These policies were evaluated by Aaron Rosenthal, an analyst here at MarketingExperiments.Com. Aaron has degrees in economics and finance and his job at MEC is to measure the financial impact of various marketing decisions.

Tactic 1 – Low Price With High Shipping Charges

Purpose: To attract the customer with “the lowest price” (often near wholesale cost) and then to make a profit with the shipping charges.

This approach is popular with eBay merchants and it often works. However, with an online store, this approach can seriously diminish the repeat orders a customer will place over time.

In most retail operations, you pay a significant price to win a new customer, and your true profits come from winning repeat business.

Tactic 1 may capture a first-time customer but it will probably not capture a repeat order.

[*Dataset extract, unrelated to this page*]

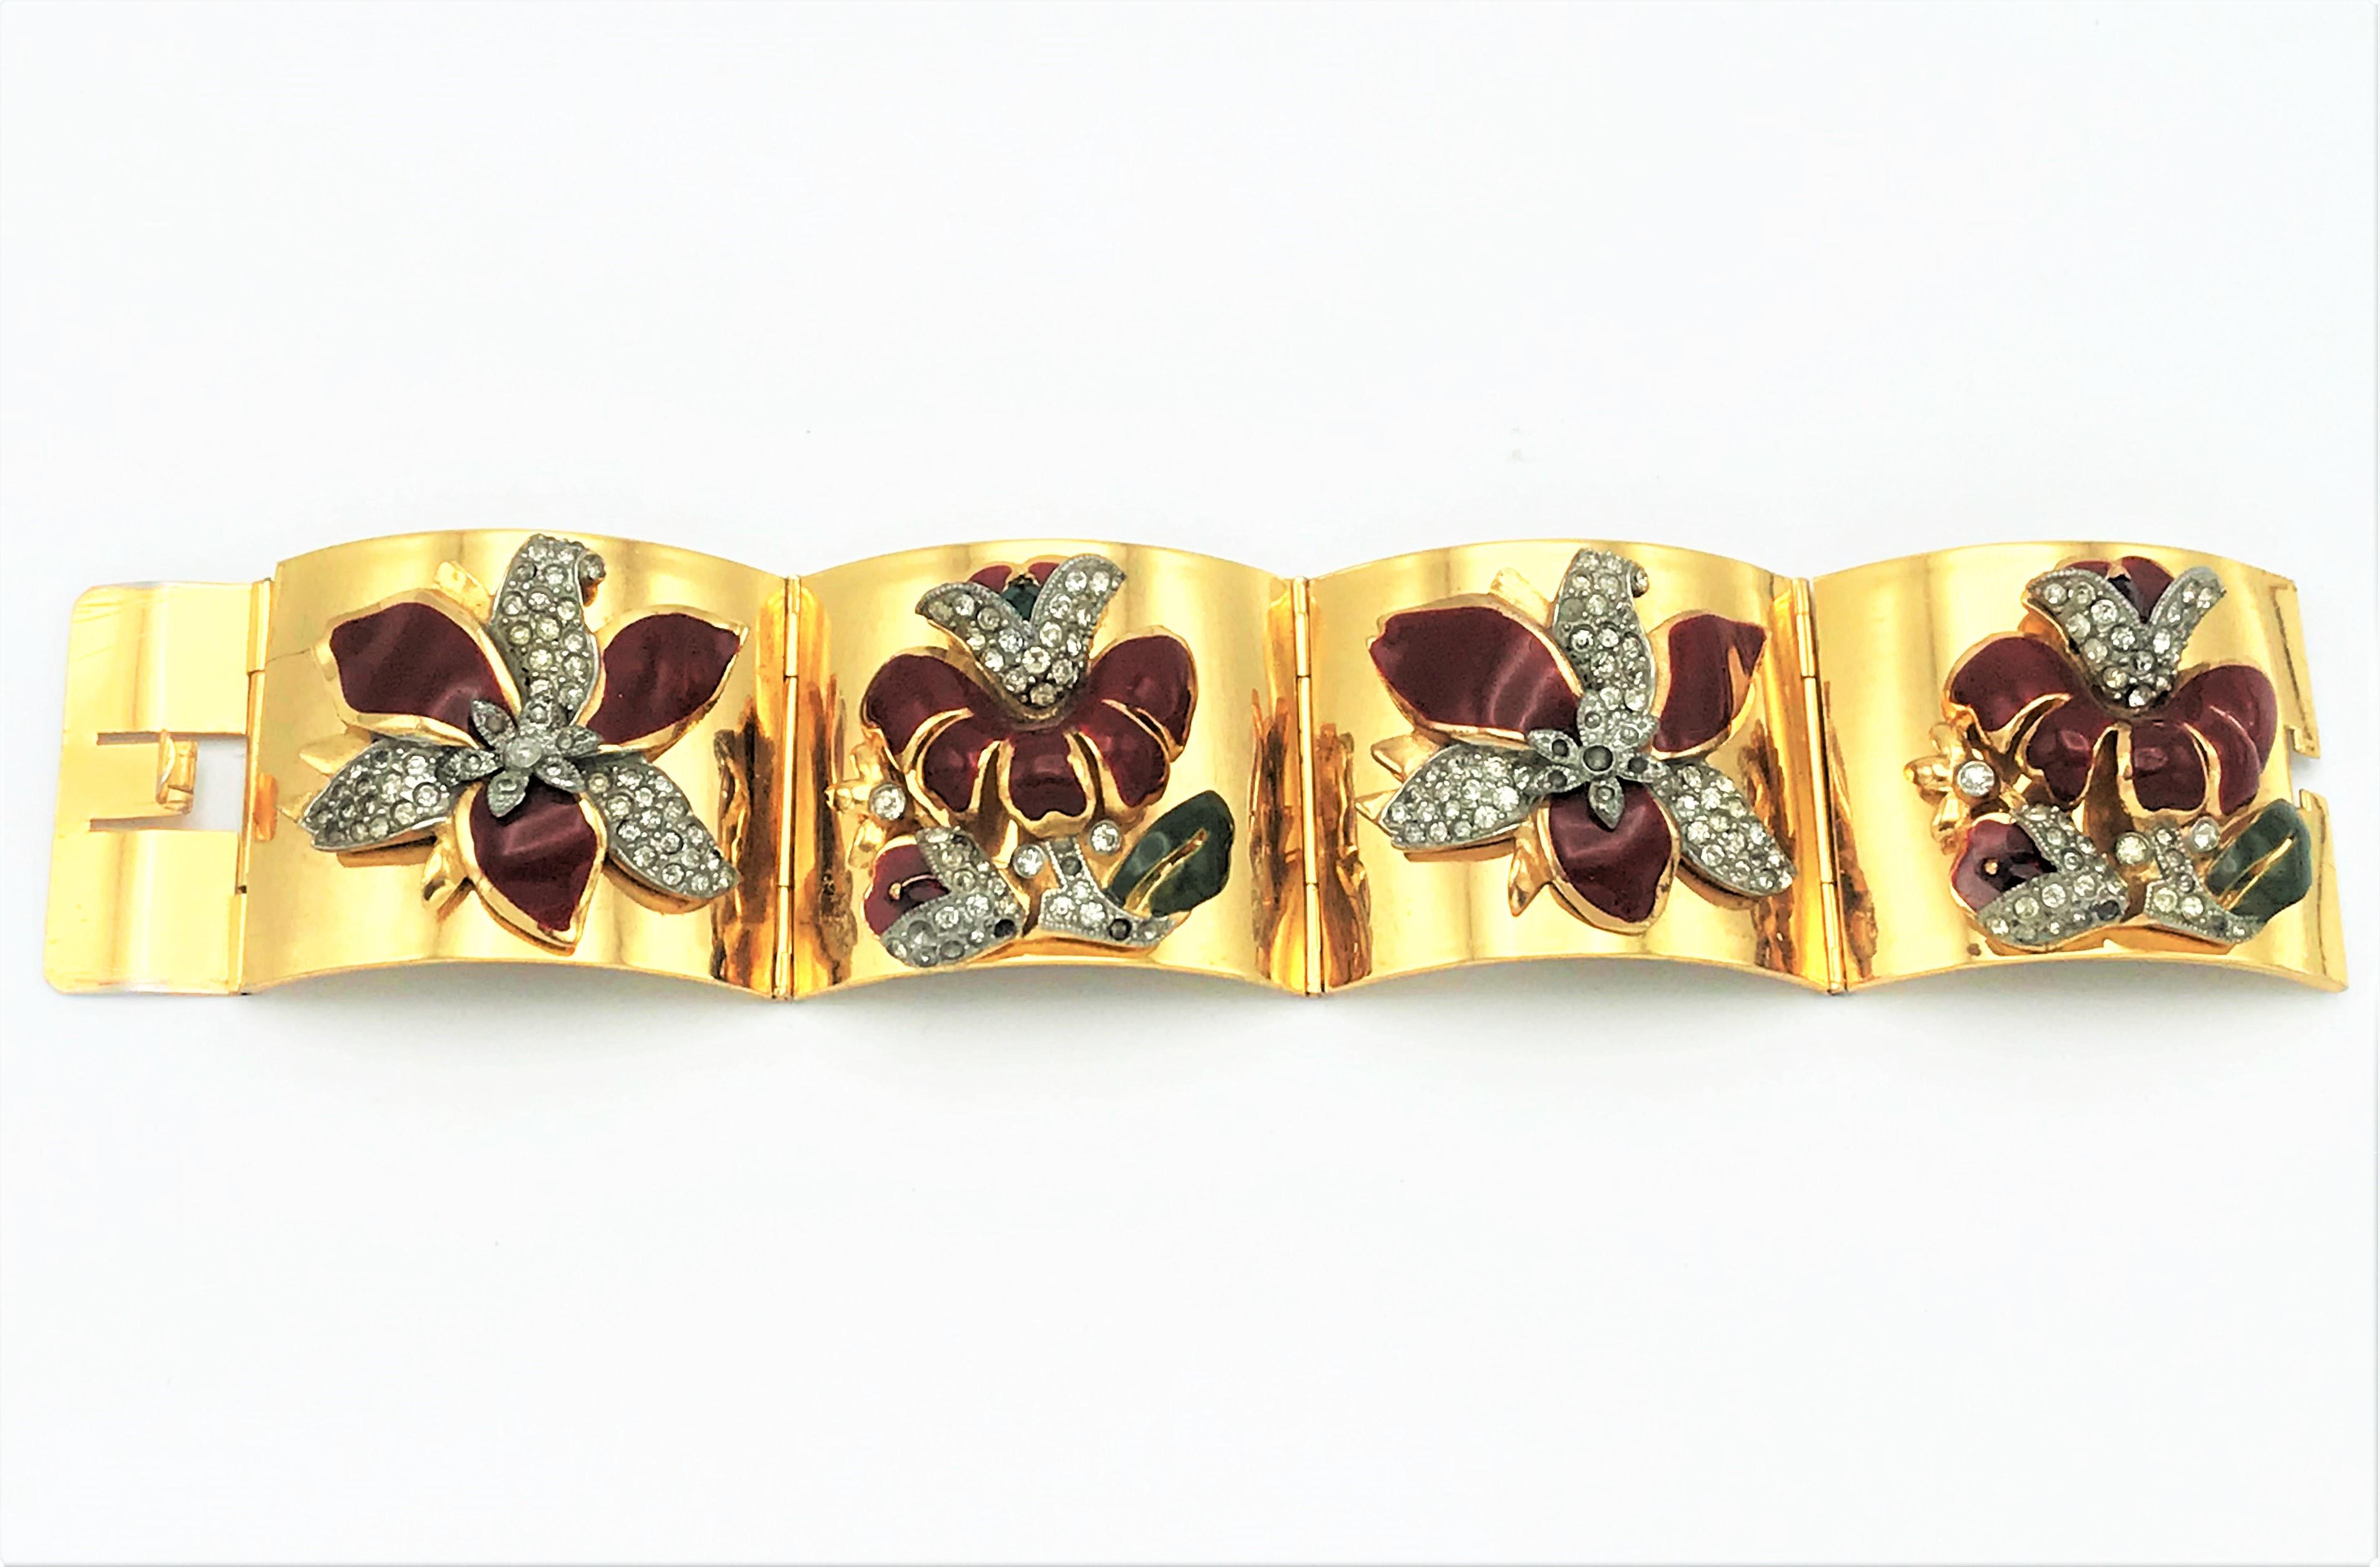 4-link gold plated bracelet. Each link part has an enameled red-brown flower with green leaves and flowers and leaves set with rhinestones attached. There are Duett brooches from Coro that are set with 2 of these flowers. It must be an unsigned

Still, if you are in an industry where repeat orders do not matter, Tactic 1 could still work for you.

Also, you may want to consider this shipping service. Its packaging does not separate the shipping costs from the handling charge.

http://www.endicia.com/

Tactic 2 – Average Prices With Free Shipping

Purpose: To establish competitive advantage by giving the customer an extra reason to purchase from you.

To understand the value of this tactic, you need to understand customer priorities. Customers typically evaluate your offering first on PRICE. Then they check for secondary concerns such as shipping.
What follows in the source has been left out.